Author(s): Sager PT, Capece R, Lipka L, Strony J, Yang B, Suresh R, Mitchel Y, Veltri E

Affiliation(s): Schering-Plough Research Institute, 2015 Galloping Hill Road, Kenilworth, NJ 07033-1300, USA. psager@alum.mit.edu

Publication date & source: 2005-04, Atherosclerosis., 179(2):361-7. Epub 2004 Dec 15.

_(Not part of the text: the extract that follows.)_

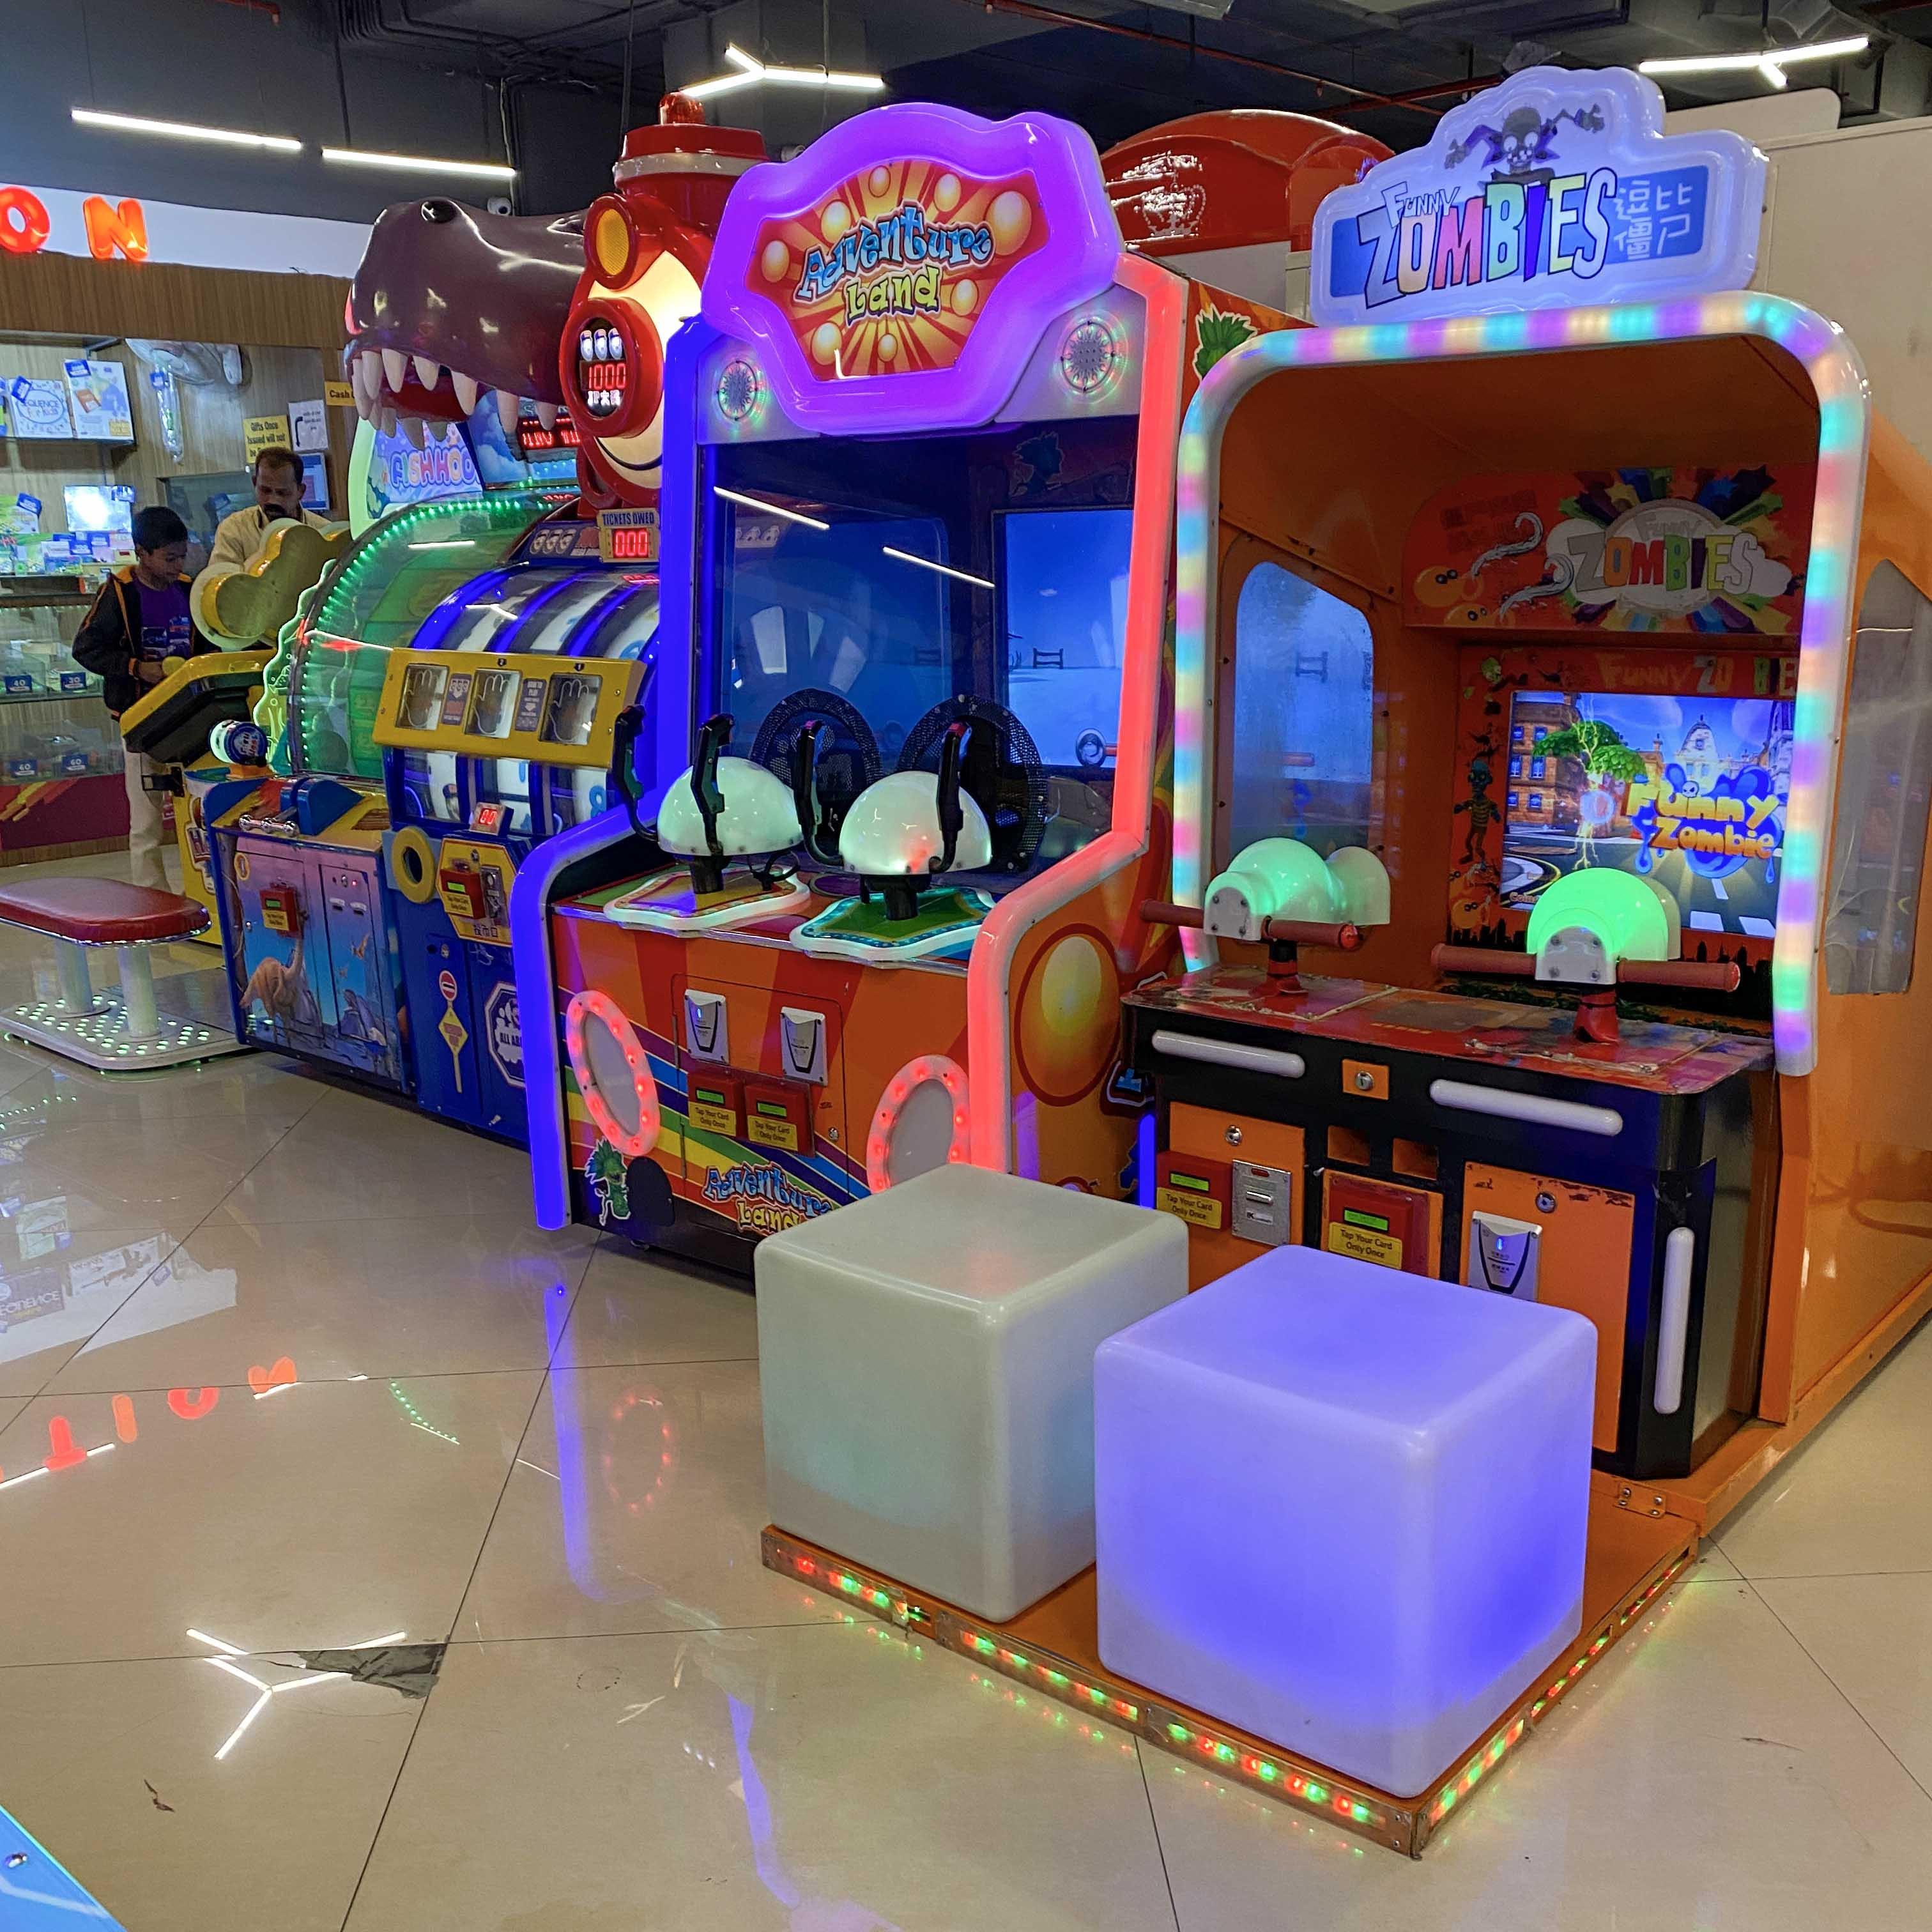 image - LED - Live Entertainment Destination

Publication type: Clinical Trial; Multicenter Study; Randomized Controlled Trial

OBJECTIVE: This study assessed the effect of coadministration of ezetimibe and simvastatin on high sensitivity C-reactive protein (hs-CRP) in a large subject cohort (N=1089). METHODS: Data were combined from two nearly identical prospective trials. After dietary stabilization, washout period, and placebo lead-in period, patients with baseline low-density lipoprotein cholesterol (LDL-C) > or =3.75-6.50 mmol/l and triglycerides (TG) < or =4.0 mmol/l were randomized to one of the following daily treatments for 12 weeks: ezetimibe 10 mg; simvastatin monotherapy (10, 20, 40, or 80 mg); ezetimibe 10mg plus simvastatin (10, 20, 40, or 80 mg); or placebo. The primary analysis was the percent change in hs-CRP for the pooled ezetimibe plus simvastatin versus simvastatin monotherapy cohorts. RESULTS: Ezetimibe coadministered with simvastatin more than doubled the hs-CRP reduction compared to simvastatin monotherapy (-33.3% versus -14.3%, p<0.01). At each individual simvastatin dose level, coadministration therapy exerted significant further incremental hs-CRP reductions compared to simvastatin monotherapy. Similar hs-CRP reductions with coadministered ezetimibe and simvastatin were observed in the major subgroups examined (coronary heart disease, gender, age, baseline LDL-C, and body mass index). CONCLUSION: In this large subject cohort, ezetimibe coadministered with simvastatin significantly reduced hs-CRP, suggesting a possible additional anti-inflammatory/anti-atherosclerotic action of combination therapy compared to simvastatin monotherapy.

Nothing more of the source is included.